To celebrate this milestone, we will be promoting a new, BT4-based net for LeelaQueenOdds very soon. This new network has already proven its superiority in testing, and I am currently finalizing the optimal settings for Search Contempt and related parameters.

Regarding LeelaRookOdds (which played in this Jerusalem event), we are still using the LKO4 net trained by Marcus98 one year ago. It handles Knight, Bishop, Rook, and FRC Knight odds simultaneously and has yet to be surpassed. While net progress for rook odds has been flat, we have made large and rapid progress with the search. We recently upgraded the search to look at more nodes when the position is no longer objectively lost, and we hope to gain similar strength by adjusting search contempt values.

All in all, I expect that progress with the odds bots will continue at a much faster pace than is possible with standard chess.
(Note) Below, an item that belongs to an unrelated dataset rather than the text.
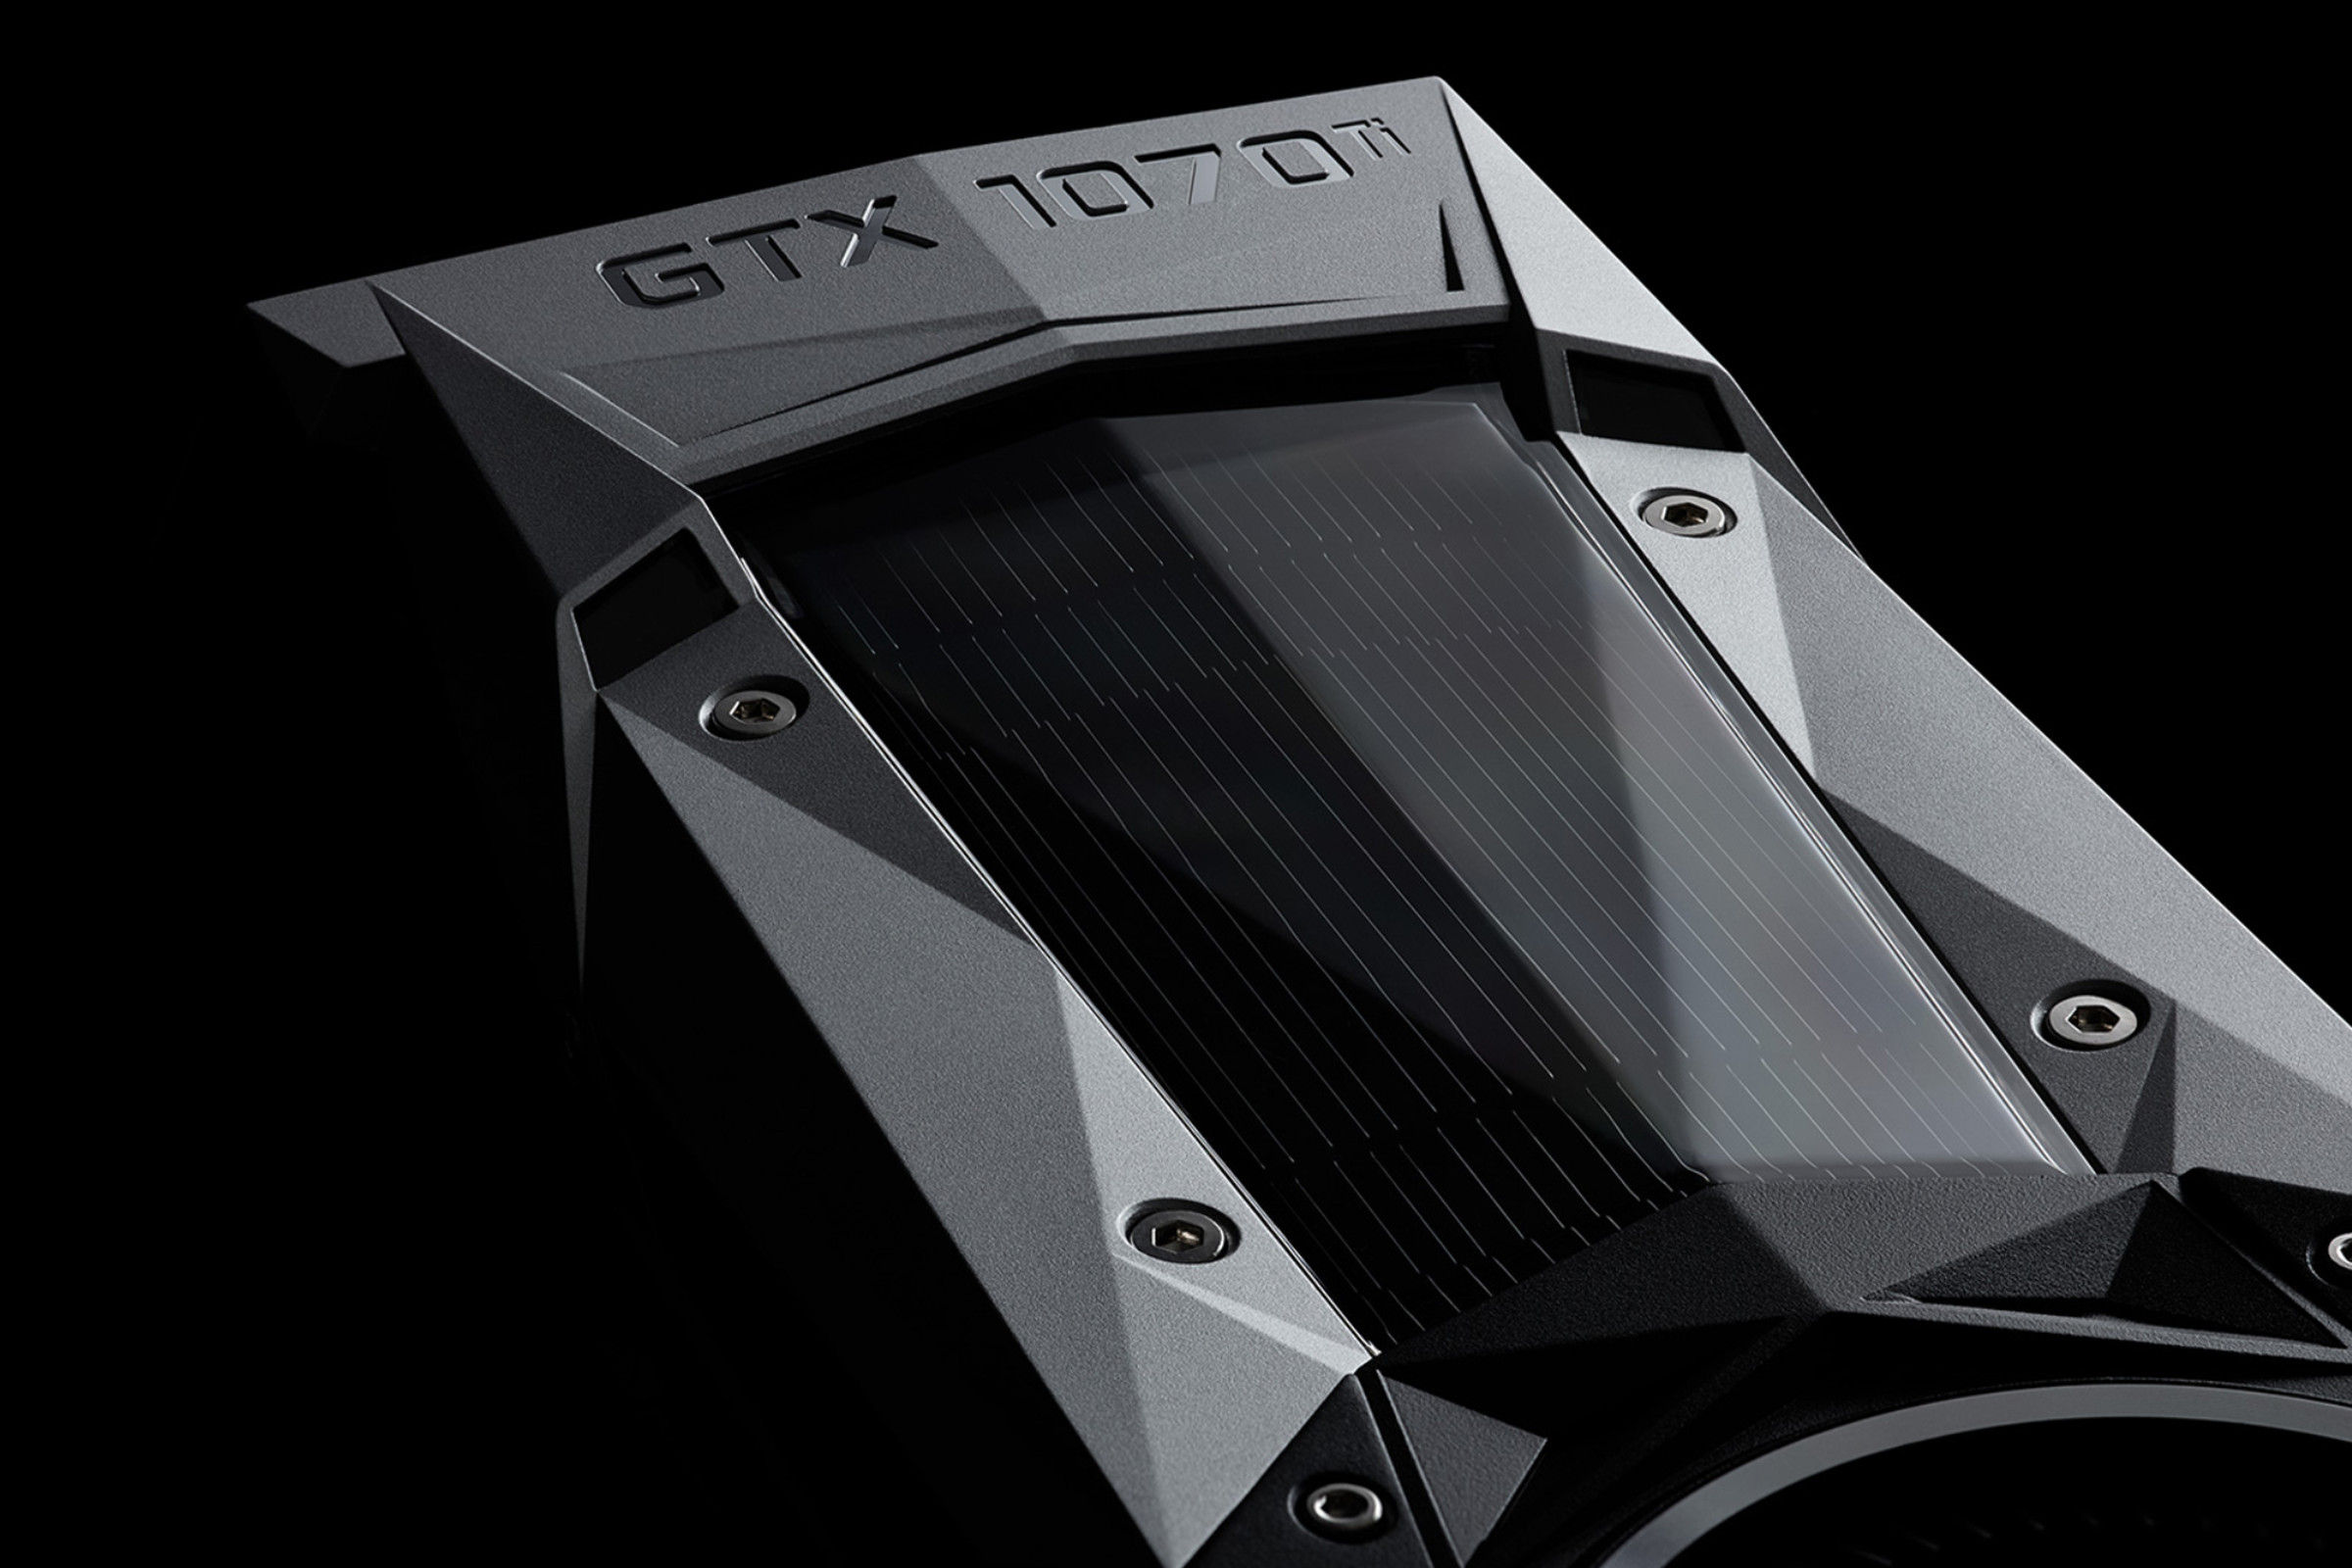 The GTX 1070 Ti graphics card

I also expect more odds matches with titled players; perhaps an FRC match at knight or rook odds with a GM might be next.

Links to Lichess Games at the Event

Rook Odds

2 Knight Odds

Knight Odds

Conclusion: What is a Fair Match?

Thanks to Uri Blass and everyone involved in organizing this event, we have clarified where the odds bots stand in Classical chess. Based on this data, here are my estimates for a fair match (50% score) at Classical time limits:

Rook Odds: Par with an IM (~2400 FIDE).
Knight Odds: Par with a Strong GM (~2600 FIDE).
FRC (Fischer Random): Add ~100 Elo to the above requirements.
Fast Classical (45'30"): Add ~100 Elo to the above requirements.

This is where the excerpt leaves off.